Говорили, например, что богатство досталось Шуликову от дяди, помещика, одного из самых влиятельных в Новороссийском крае. Помещик этот еще за несколько лет до отмены крепостного права отпустил на волю всех принадлежавших ему крепостных, да еще и наделил каждую семью землей без выкупа. Разгневанные родственники потребовали установления судебной опеки над этим странным земле- и душевладельцем. Суды заседали, а дядя Шуликова тем временем обосновался в Одессе, свез туда книги из своей богатейшей личной библиотеки, а оставшиеся капиталы поместил в Женевский банк. Трудно сказать, что за идеи владели дядюшкой Венедикта Андреевича. Некоторые утверждали, что с запозданием в четверть столетия он вдруг проникся духом декабризма. Рылеева и Пестеля почитал за апостолов России и великомучеников во имя грядущей свободы народной и социализма. Правда, что такое социализм, этот «вольтерьянец с Дерибасовской» — так его прозвали в Одессе — и сам толком не понимал. Знал лишь, что не должно быть царей, власти одного человека над другими, а все дети, и бывшие помещичьи и крестьянские, станут ходить в одну школу и сидеть в классе рядышком.
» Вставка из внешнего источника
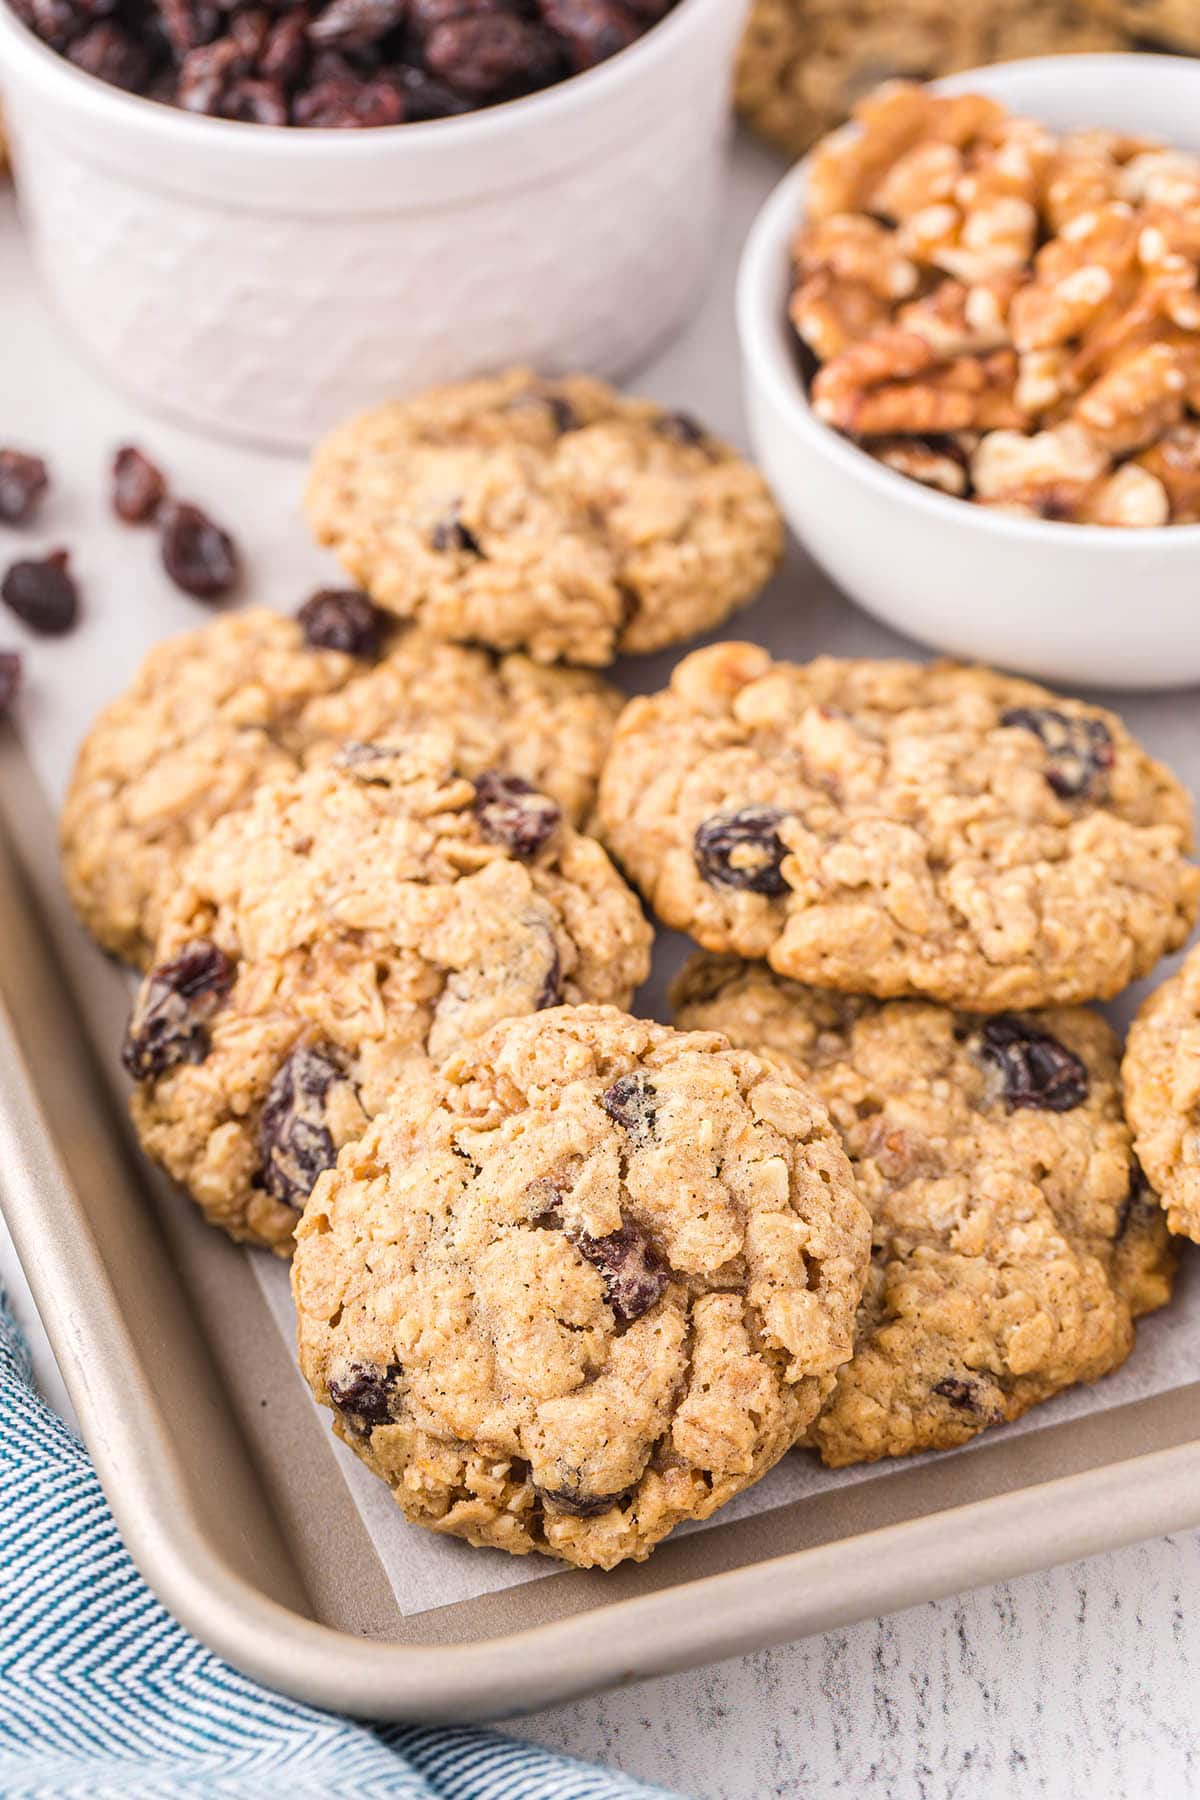 A box filled with different types of food on a plate, with Cookie and Oatmeal

«Вольтерьянец с Дерибасовской» всякими правдами и неправдами уберег от алчных родственников свою библиотеку, ее пришлось держать в сундуках в домах у различных людей, сочувствовавших наивному ревнителю свободы и просвещения. Более того, он умудрился сохранить и вклад в Женевском банке. Все это он завещал своему малолетнему племяннику — «личности единственно приличной среди всей семьи моей, поелику он, по склонности своей природной али по малолетству, не заражен жаждой стяжательства и охотой властвовать над себе подобными». Так, будто бы, и написано было в завещании. Его пытались опротестовать. Но закон есть закон — завещание было составлено по всем правилам. И одиннадцатилетний Венедикт Шуликов в 1871 году стал владельцем приличного по тем временам состояния: не слишком большого, но и не слишком малого. В дальнейшем он закончил Новороссийский университет, обзавелся устричными банками (их называли в Севастополе «заводом»), а на досуге принялся изучать флору Черного моря и вообще, по мнению окружающих, чудачил как только мог.
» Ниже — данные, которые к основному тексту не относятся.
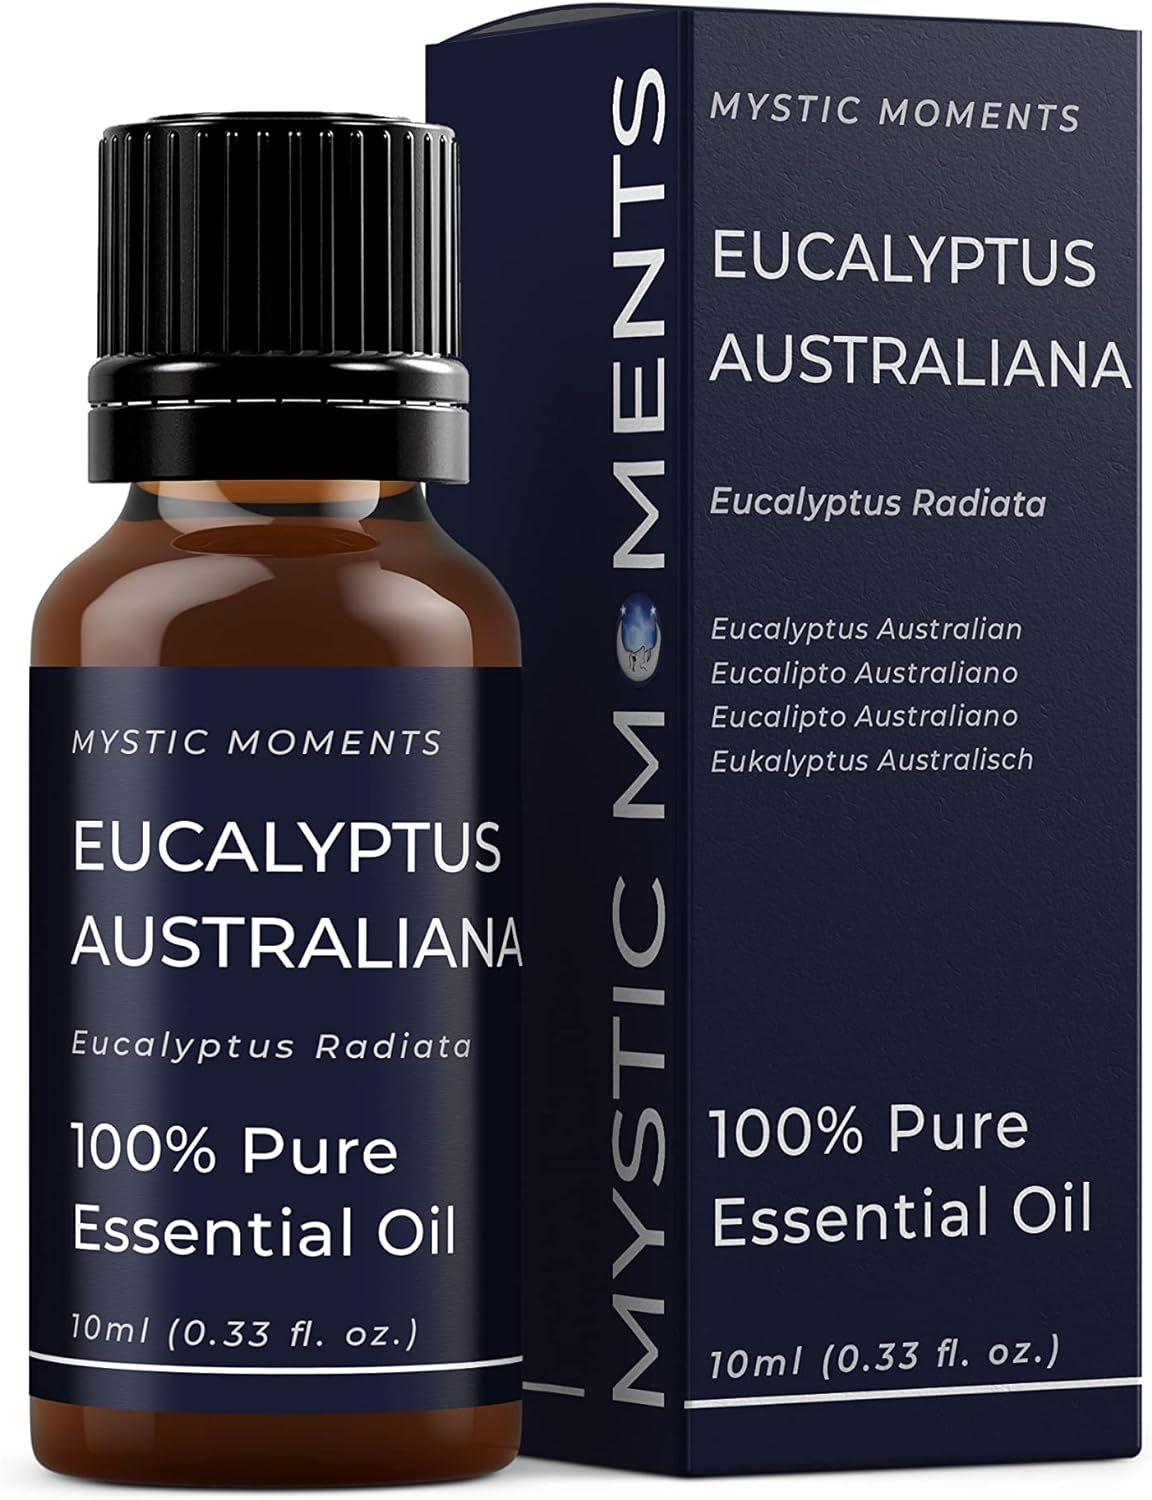 Mystic Moments | Eucalyptus Australiana Essential Oil 10ml - Pure & Natural oil for Diffusers, Aromatherapy & Massage Blends Vegan GMO Free

В этот ясный и уже холодный осенний день Венедикт Андреевич Шуликов сидел в голубом стеганом халате в своем кабинете и рассматривал плававших в аквариуме рыбок. Аквариум был сооружен на славу: дно выложено галькой, термометры, приспособления для подогрева воды и насыщения ее кислородом, лампы подсвечивания, которые в ту пору еще никак не назывались, а позднее стали именоваться софитами, если они большого размера, или же софитками, если они миниатюрны, на манер тех, что горят над нашими головами в купе поездов.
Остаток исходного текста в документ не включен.